◆ **WHAT IS BEING ASKED**:
In the entries below, find the line with "Ceramic coffee table" and the line with "Similar patterns reproduced in the book"; copy them and every line between them exactly, but not the pictures.

◆ **SOURCE RECORDS**:
- - -
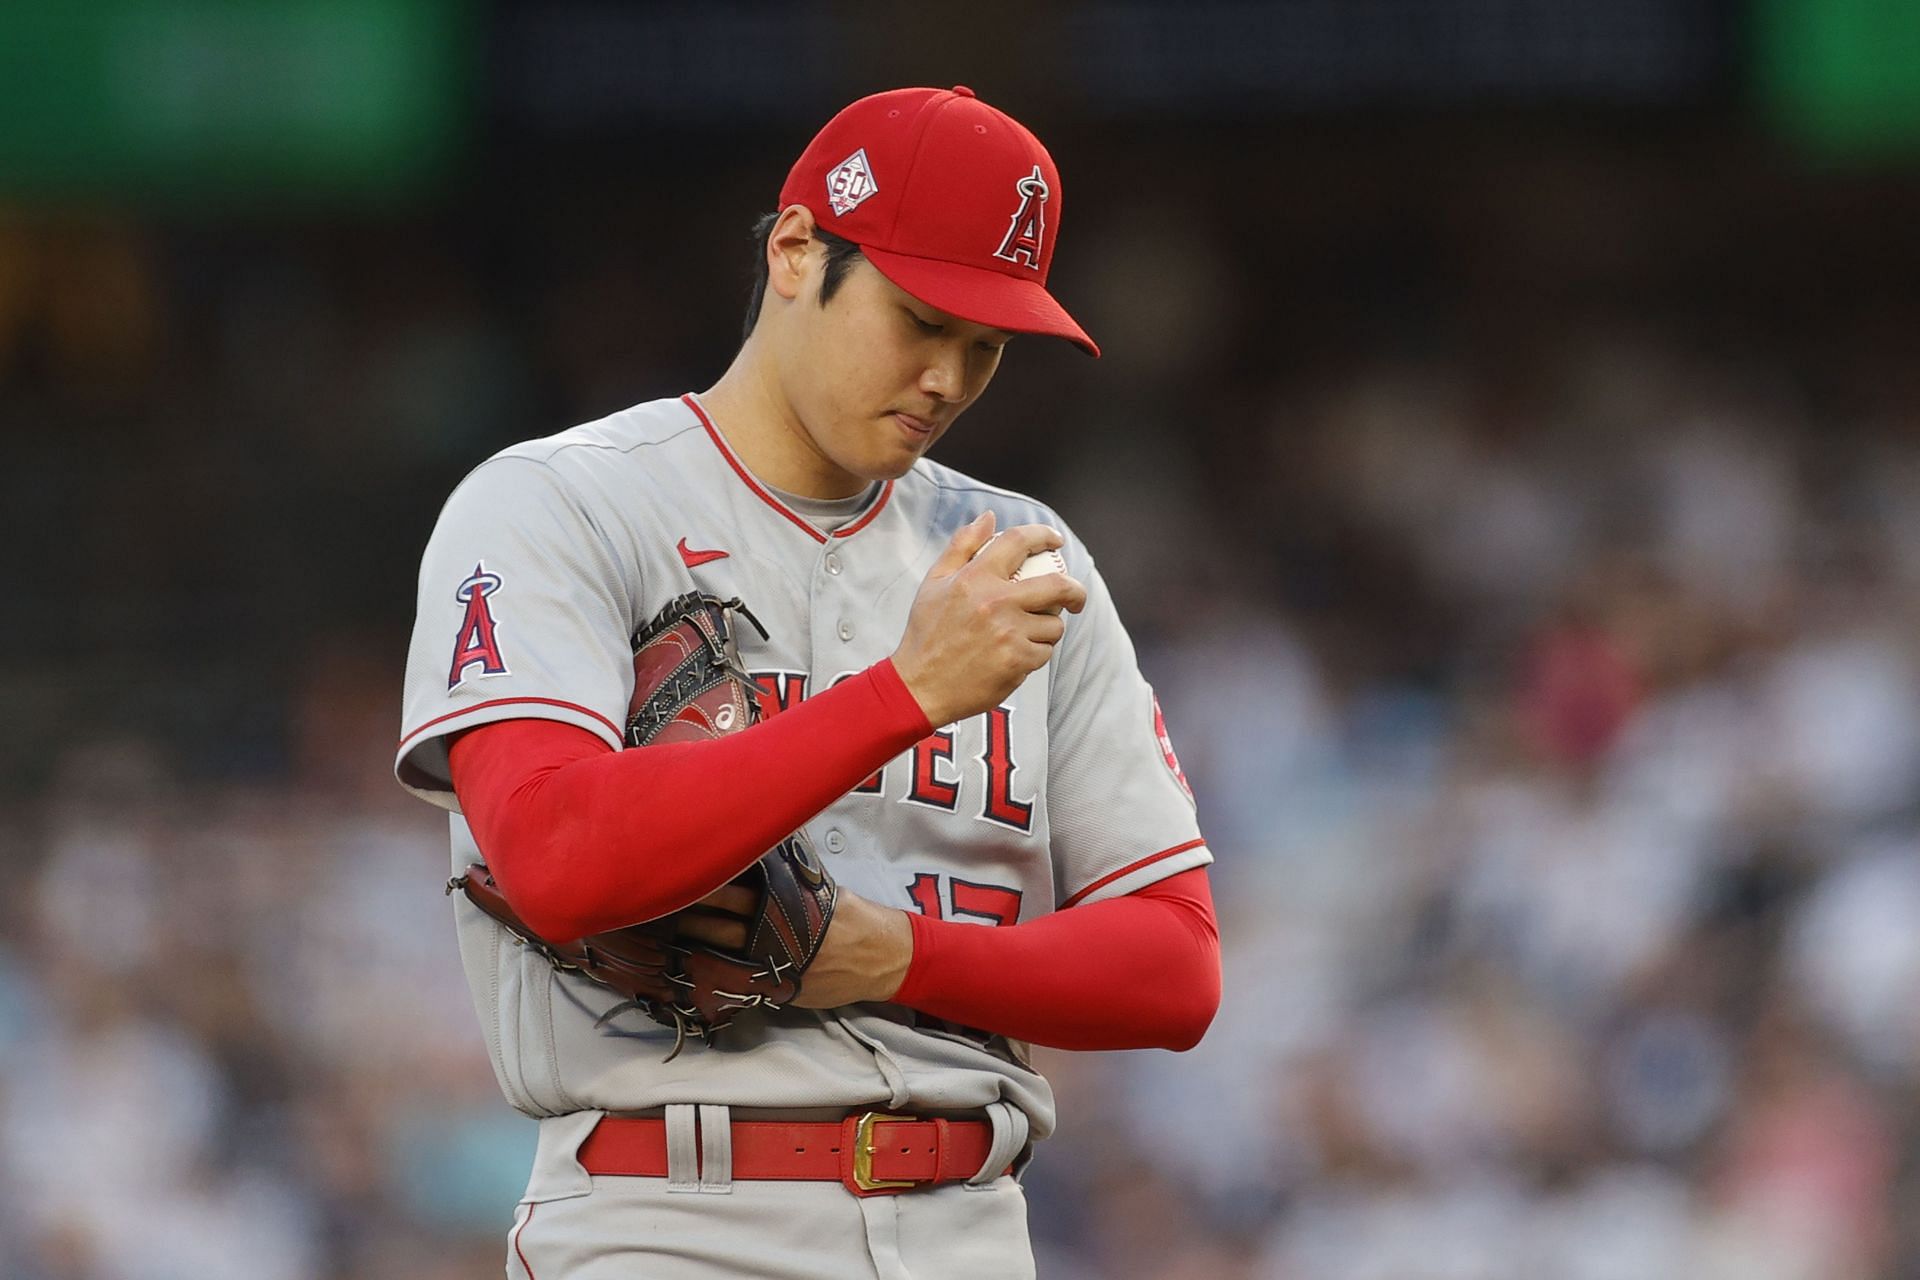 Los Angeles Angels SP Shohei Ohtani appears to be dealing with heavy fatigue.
- - -
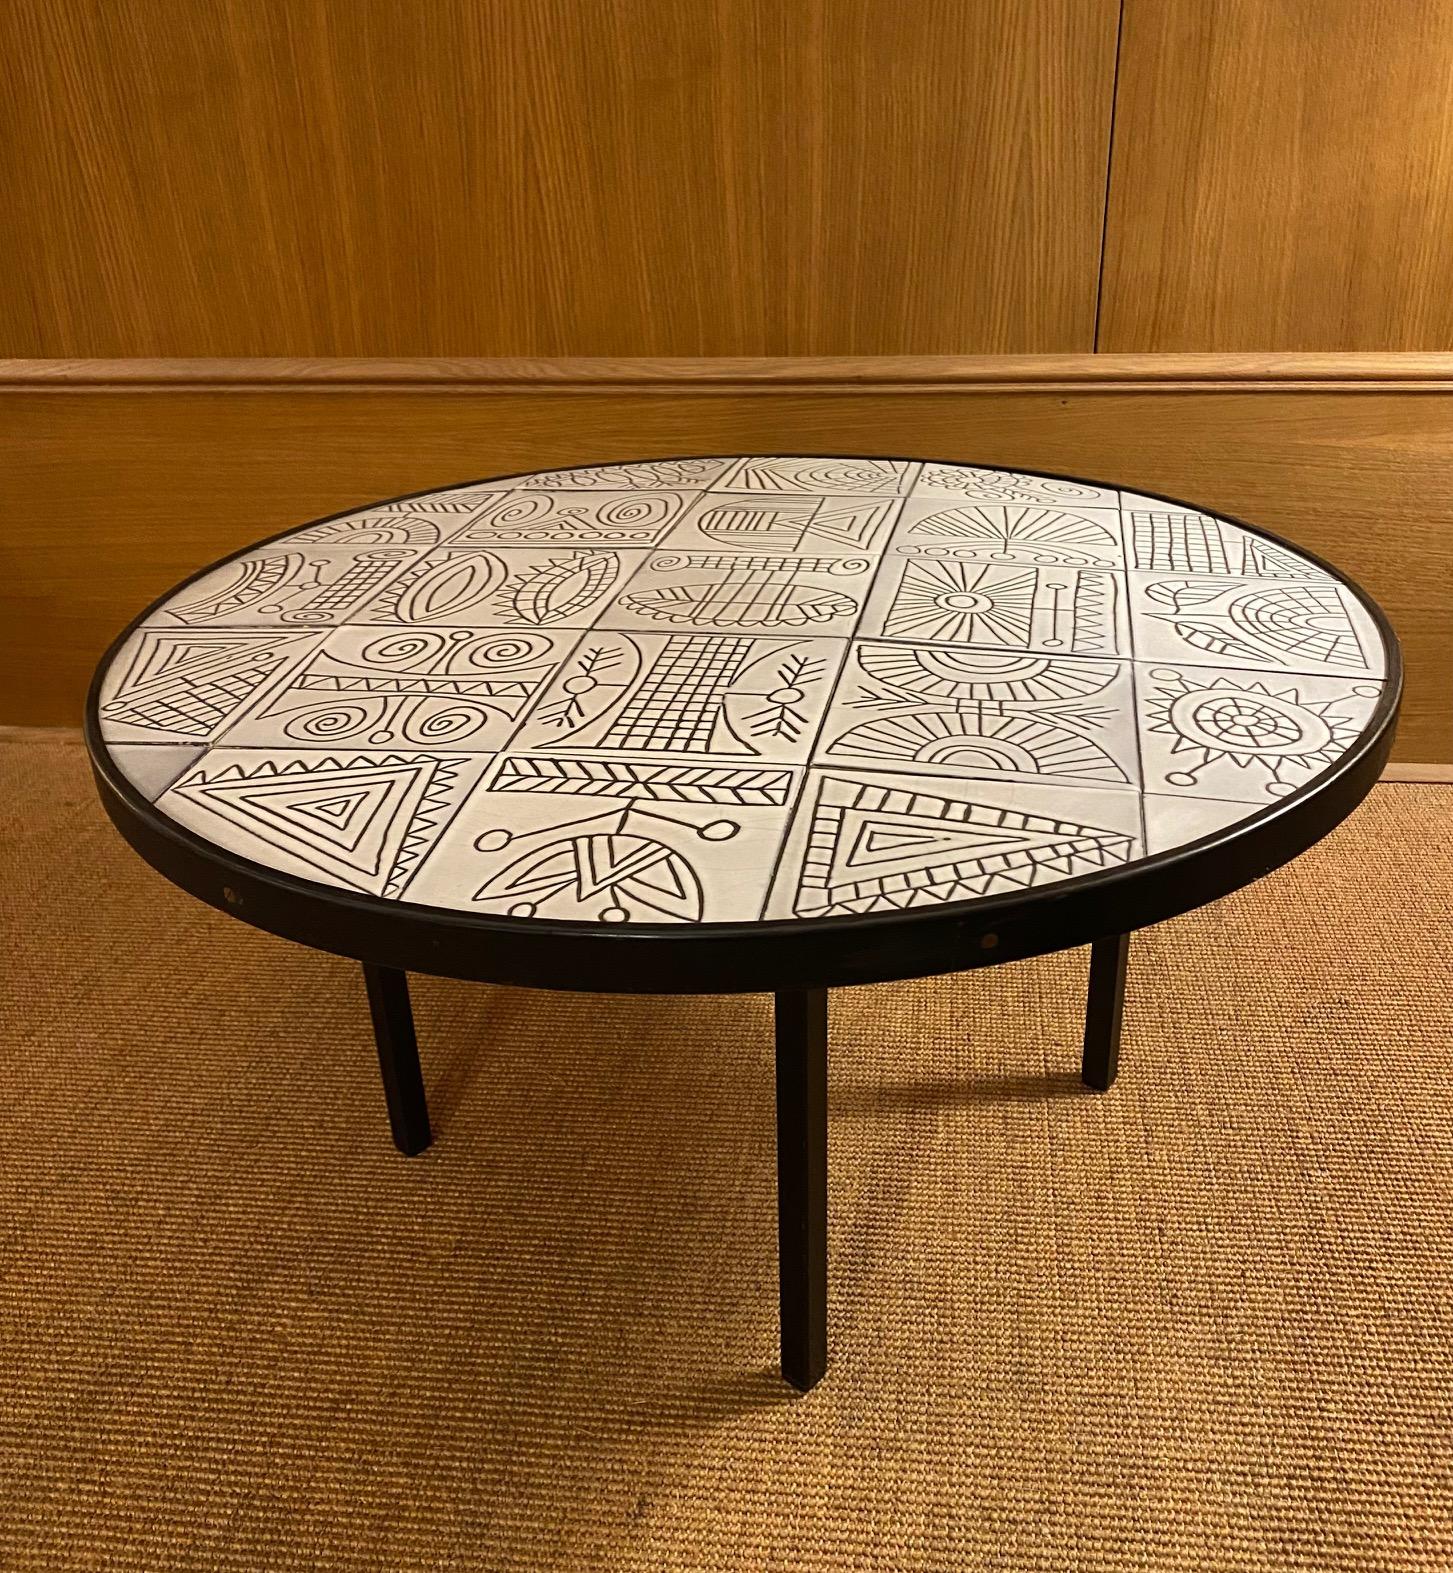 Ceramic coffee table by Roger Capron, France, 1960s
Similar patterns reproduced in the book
- - -
◆ **RESULT OF THIS TASK**:
 Ceramic coffee table by Roger Capron, France, 1960s
Similar patterns reproduced in the book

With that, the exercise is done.